Five thread management alternatives are listed along with their
advantages and disadvantages: single lock, multiple locks, local free
list, idle queue and local ready queue. The single lock approach is
simple but the throughput is limited. The multiple locks in which each
data structure (free list, ready queue and control block list) has its
own lock improves the throughput but results in increasing latency. The
tradeoff between latency and throughput can be avoided by using local
free list. To balance free lists, Global pool is used. Local free lists
trade space for time, which is acceptable for control blocks but not
practical for stacks. Idle queue technique exploits parallelism in
creating thread. It introduces central queue of Idle processors besides
a queue of threads. The principle of this approach is work searches for
processors instead of processors searching for work. In local ready
queue algorithm, each processor has its own ready queue so enqueueing
and dequeueing threads can occur simultaneously.
Measurement results shows that: adding a single lock mechanism in the
thread management increases latency significantly, Multiple locks
results in lower performance compared to single lock, using per
processors data structures to avoid locking is essential to reducing
latency, bus contention lowers throughput for local ready queue
alternative even though there is no lock contention and idle queue is
faster when there are idle processors but slower when there are more
runnable threads than processors. Another advantage of Local ready queue
is that the Cache locality is maintained.
The paper also covers three different approaches for spin-waiting: spin
on Xchgb (exchange bytes), spin on read and ethernet-style backoff.
Processor loops on the xchgb instruction in spin on xchgb approach. The
Xchgb instruction consumes bus resources thus slowing down the holder of
the lock. In spin on read, the processor can spin reading the lock
memory location until the lock is released. A problem can arise where
there are number of processors waiting for small critical section.
However it is insignificant with long critical sections. The
ethernet-style backoff makes each processor wait a period of time
dependent on the number of past failures. Sometimes this lock mechanism
is unfair and it takes longer for a spinning processor to get a new free
lock. When there are large numbers of spinning processors the bus can be
saturated, slowing down the processor executing in the critical section.
Some of the optimization techniques described in the initial section is
worth mentioning such as copying thread's argument into its control
block when the thread is created to avoid stack allocation until startup
or to store deallocated control blocks & stacks in free list for reuse.

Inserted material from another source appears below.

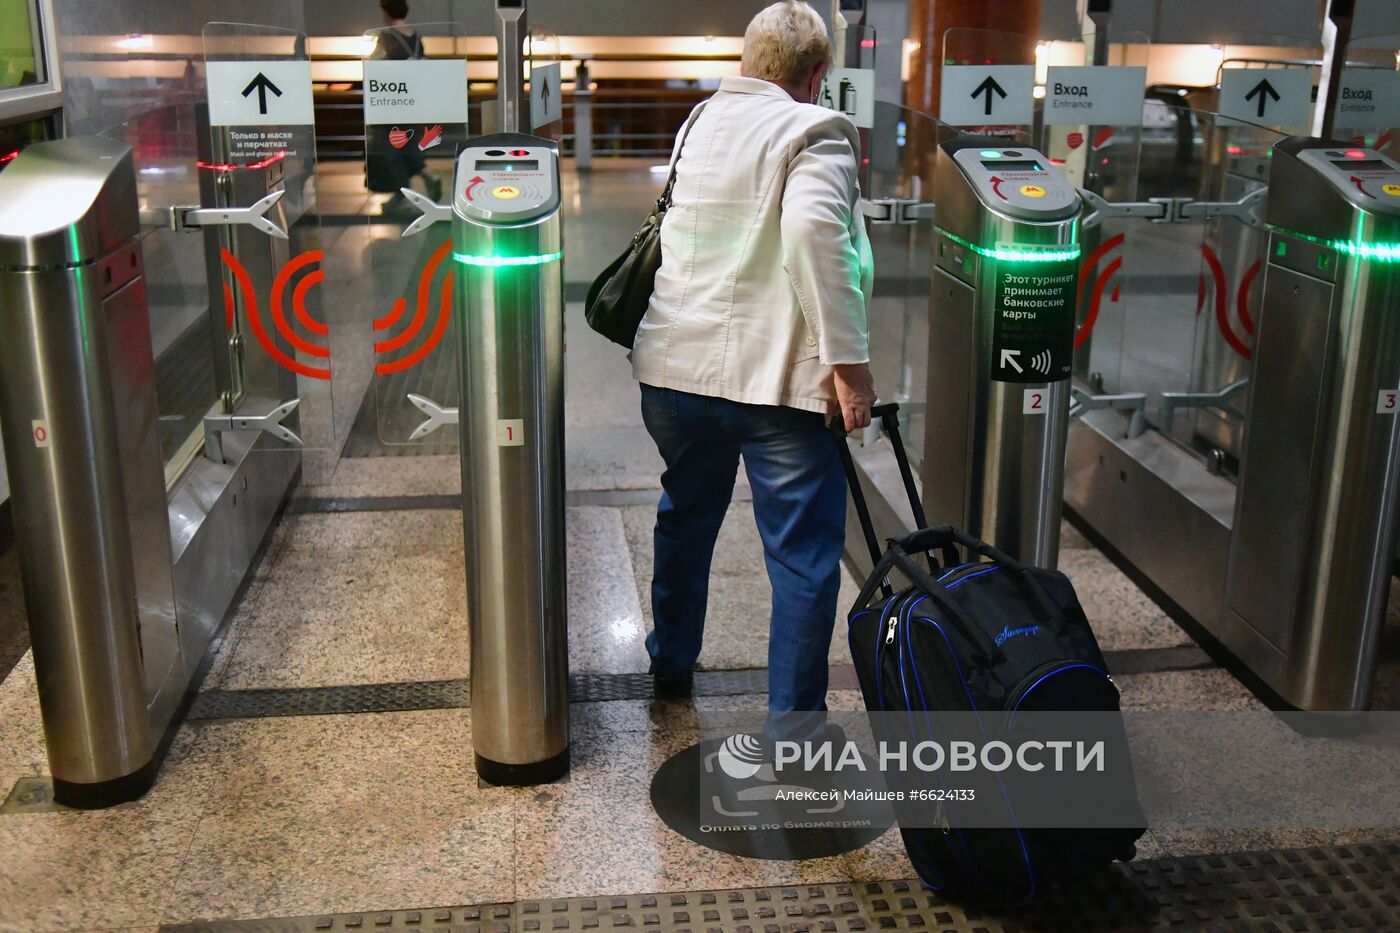 Тестирование системы Face Pay запустили на Филевской линии московского метро

Without these optimizations, it would be difficult to gauge the benefits
of each thread management techniques based on the performance
statistics. This paper was very easy and interesting to read. Techniques
used to test the performance of various thread alternatives is explained
very well (with the code snippets). The implementation and analysis
section was thorough. In the end, author concludes that simplicity is
crucial to implement a fast thread package.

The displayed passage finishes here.